In the late 19th and early 20th centuries, some large employers began to appoint welfare officers to manage new initiatives designed to make life less harsh for their employees. The results were higher productivity, improved retention of the workforce and a bigger pool of applicants for each job. The more obvious welfare initiatives promoted by employers today include employee assistance schemes, childcare facilities and health-screening programmes. 2) Human bureaucracy: The second phase marked the beginning of a move away from a sole focus on welfare towards meeting various other organisational objectives. The fostering of social relationships in the workplace and employee morale thus became equally important objectives for personnel managers seeking to raise productivity levels. 3) Negotiated consent: In the period of full employment following the Second World War, Labour became a scarce resource. Personnel managers required expertise in bargaining skills in order to run the new collective bodies, such as joint consultation committees, joint production committees and suggestion schemes, which had been set up to accommodate the new realities.

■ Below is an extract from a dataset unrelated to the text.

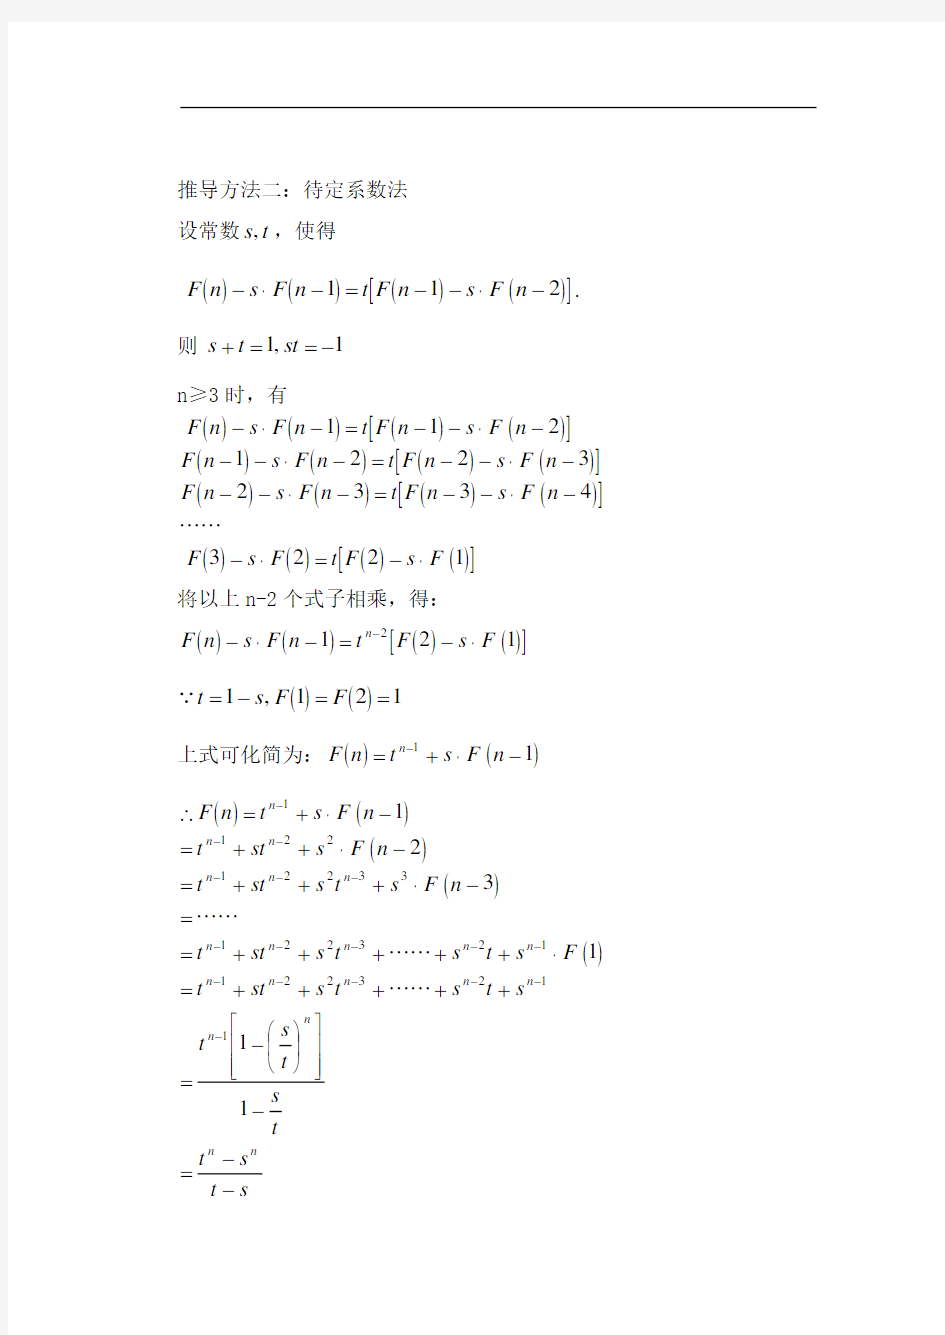 斐波那契数列通项公式的推导
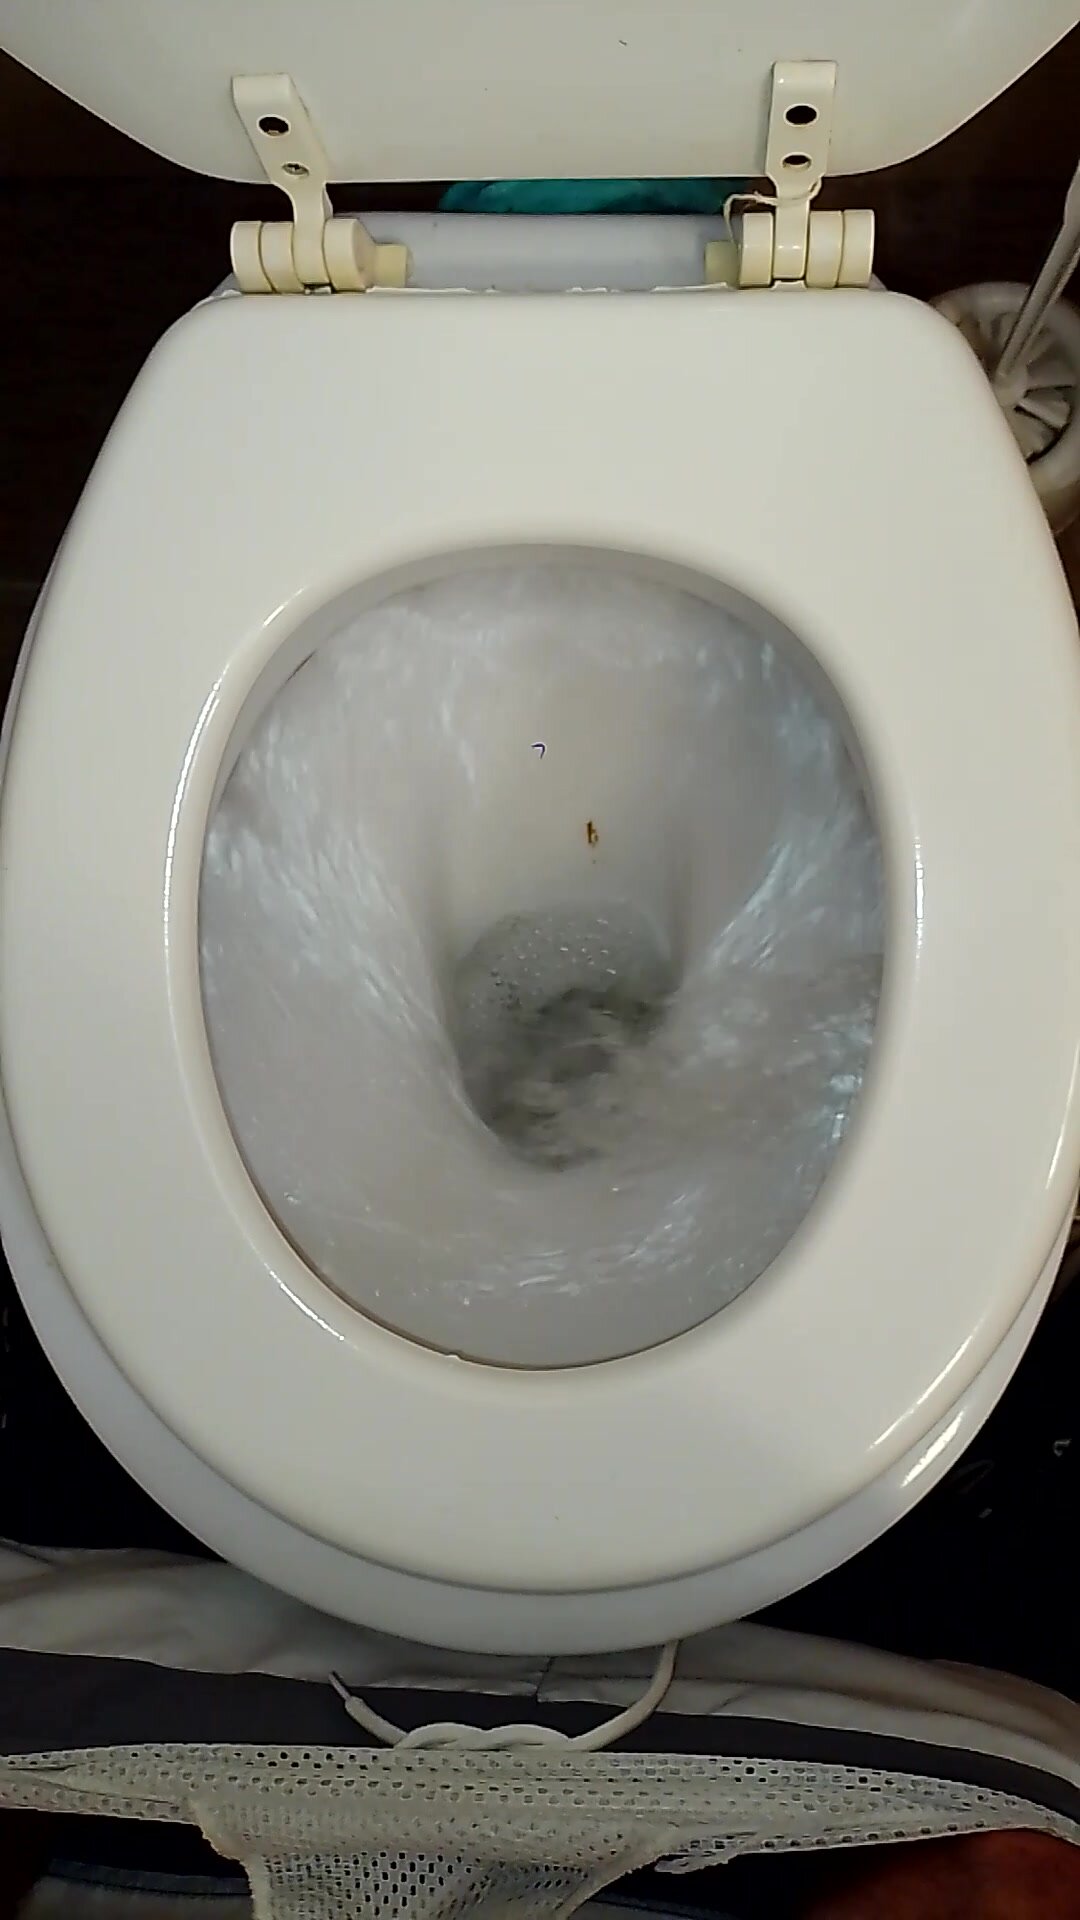 flushing shit

Governments encouraged the appointment of personnel officers and established the first specialist courses for them in universities. 4) Organisation: The late 1960s saw a switch in focus among personnel specialists, away from dealing principally with the rank-and-file employee on behalf of management, towards dealing with management itself and the integration of managerial activities. This phase was characterised by the development of career ladders and opportunities within organisations for personal growth. The latter remains a concern of personnel managers today, with a significant proportion of time and resources being devoted to the recruitment, development and retention of an elite core of people with specialist expertise on whom the business depends for its future. Personnel managers developed techniques of manpower or workforce planning. This is basically a quantitative activity, boosted by the advent of information technology, which involves forecasting the likely need for employees with different skills in the future.